As far as your actual algorithm: Just about the only improvement I could offer is that you should initialize j to i + 1 rather than 0 to avoid extra traversing that you already did, albeit backwards. To clarify, this is what your for blocks should look like (with the insides snipped):

for (int i = 0; i < nums.length; i++) {
for (int j = i + 1; j < nums.length; j++){
// [snip!]
}
}


If you want, you can put a ternary instead of the if block at the end; something like this:

return duplicate ? highestSpan : 1;


(Note: I also stole something from janos’ answer — I got rid of duplicate.)
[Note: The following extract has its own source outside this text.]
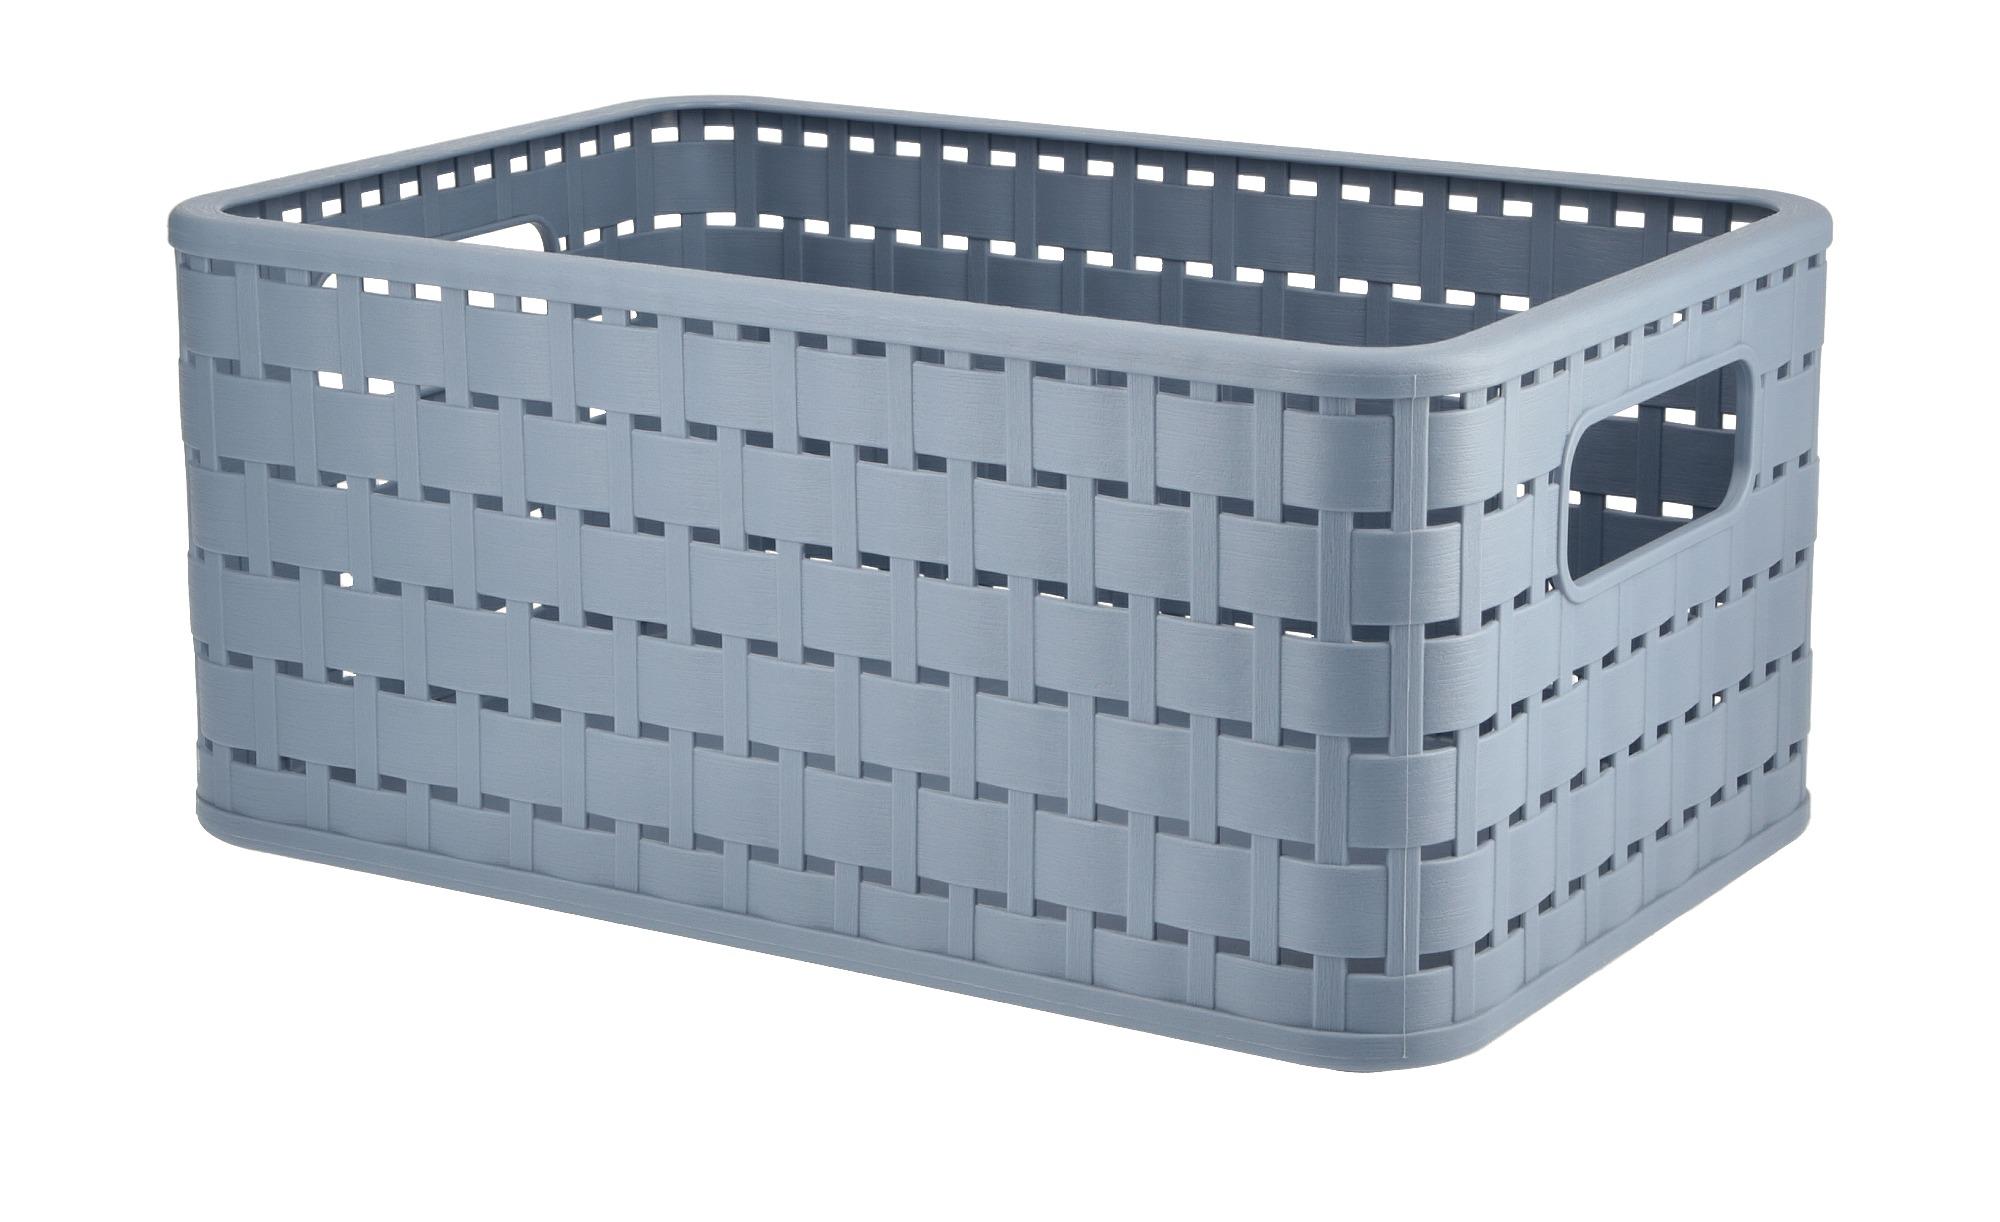 Rotho Aufbewahrungsbox ¦ blau ¦ Kunststoff Aufbewahrung > Aufbewahrungsboxen > sonstige Aufbewahrungsmittel - Höffner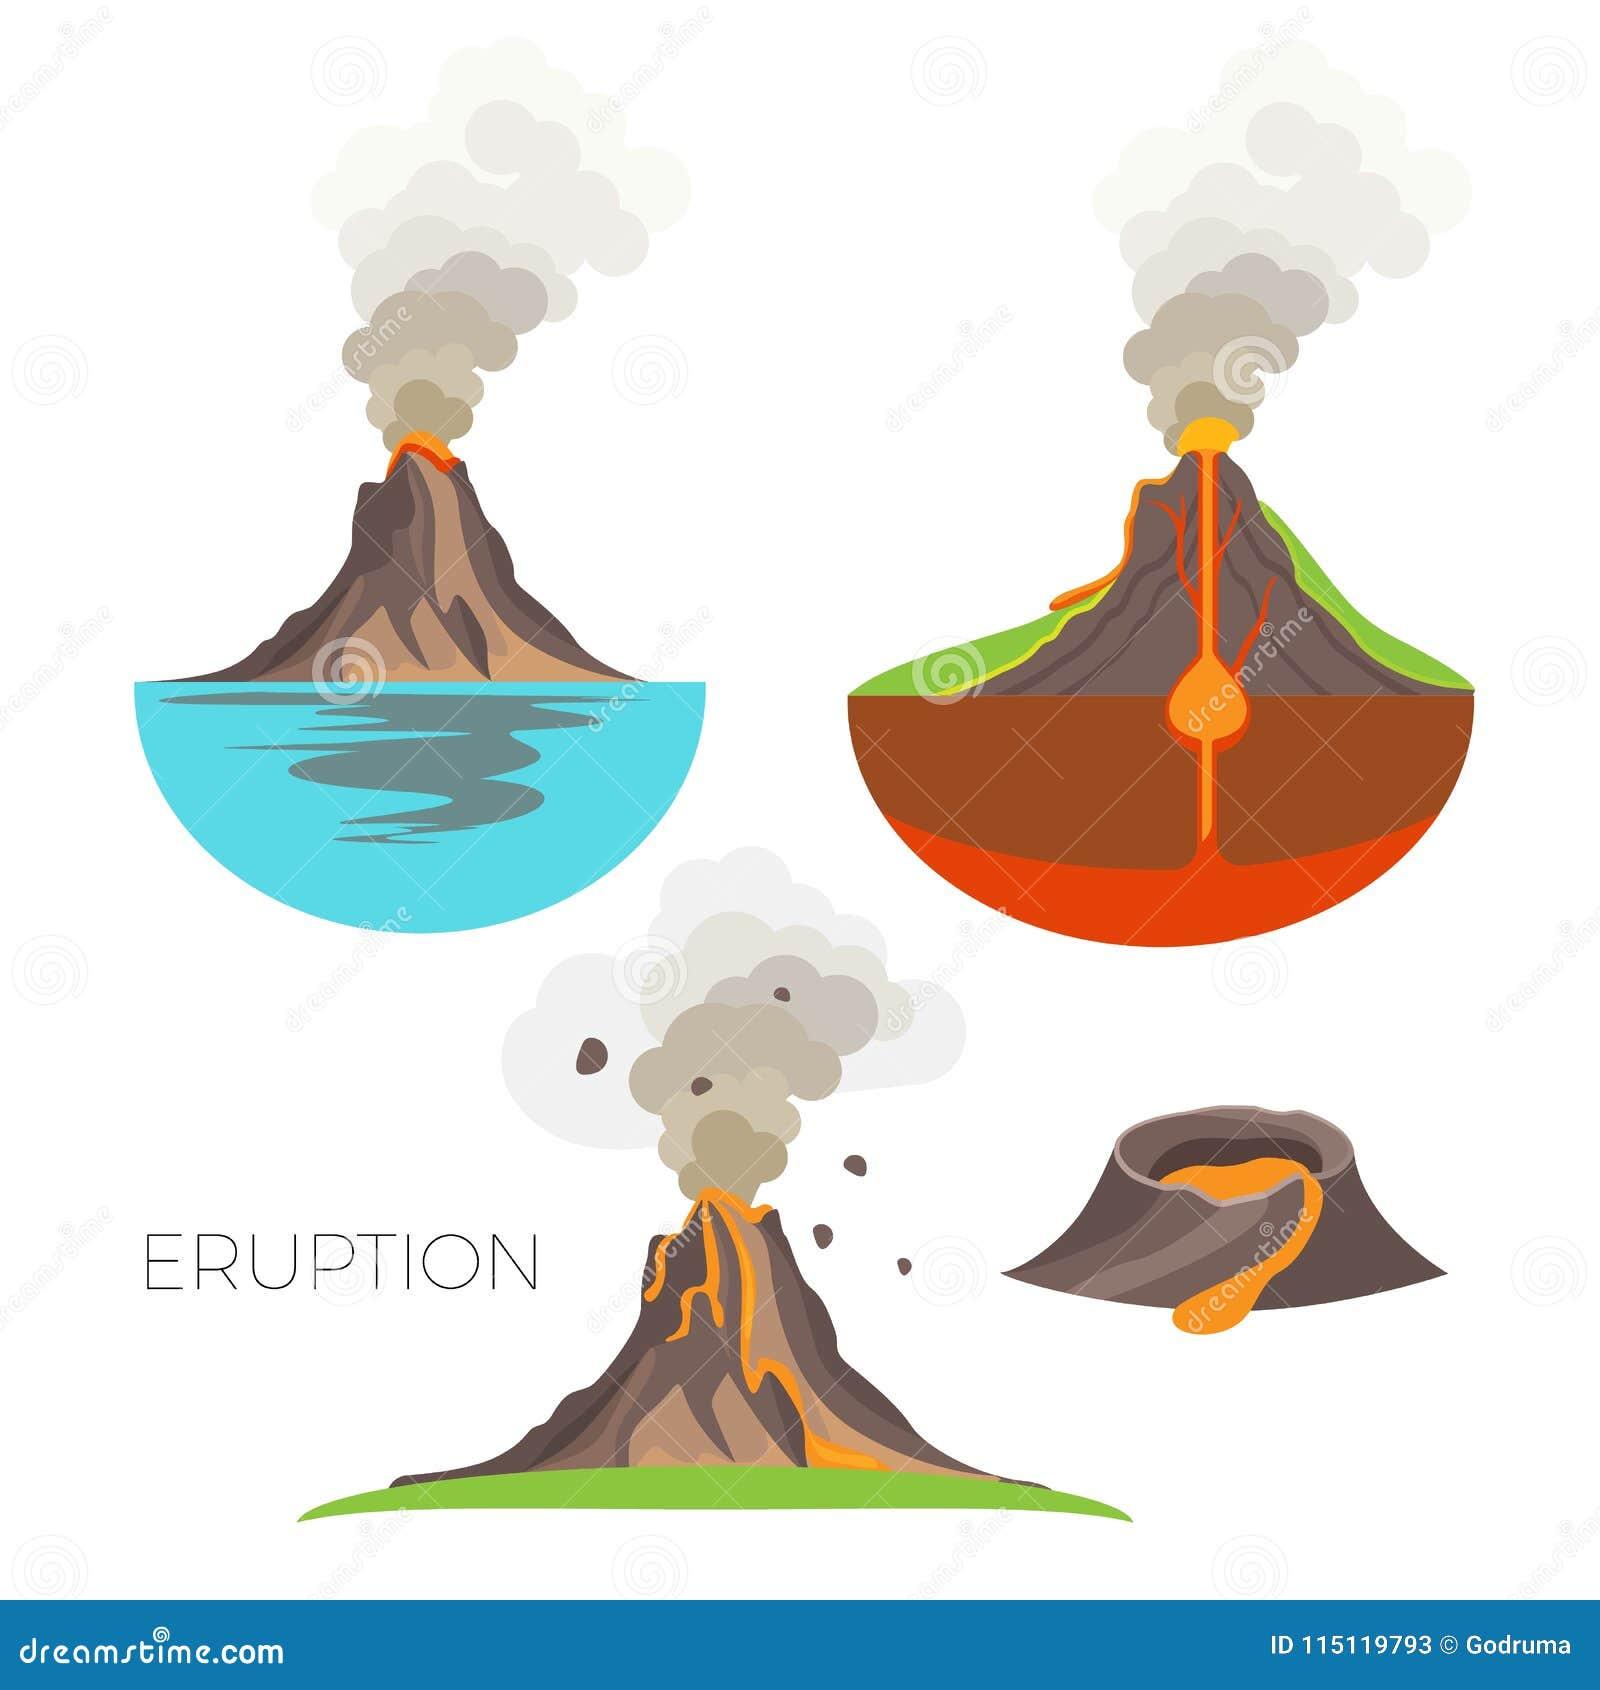 Vulkaanuitbarsting met hete lava en donkere rook

public int maxSpan(int[] nums) {
int highestSpan = 0;
int span;
if (nums.length == 0) {
return highestSpan;
}
for (int i = 0; i < nums.length; i++) {
for (int j = i + 1; j < nums.length; j++){
if (nums[i] == nums[j] && j != i){ // if duplicate
//get the absolute value of j - i
span = j - i + 1; //Add 1 because it needs to count itself

if (span > highestSpan) {
highestSpan = span;
}
}
}
}

return highestSpan > 1 ? highestSpan : 1;
}


According to CodingBat, it still works.

You can cut the computational complexity nearly in half.

Your nested for-loop is actually checking each pair of objects twice. Try unwrapping the loop and write out each combination of i and j to see why.

Consider this loop:

for (i = 0 to nums.length) {
for (j = i+1 to nums.length) {
...
}
}


If you unwrap that one, you will see we end up with only unique combinations of i and j, and it eliminates the possibility that i>j (which could make your span variable negative).

You can clearly do this in linear time by writing the array to a multimap. Basically we are going to have a map from value -> list of places where it appears in the array.

So {1, 4, 2, 1, 4, 4, 4} from coding bat would become the map:

1 -> 0,3
2 -> 2
4 -> 1,4,5,6


The span is obviously largest – smallest + 1. You could write a custom map object which just stores the largest and smallest value on a given key.

This is obviously linear. This is similar to the classic trick for finding duplicates, you create a HashSet, and exploit the behaviour of HashSet.add(), which returns true only if add increases the size of the set, so it will return false at the first duplicate.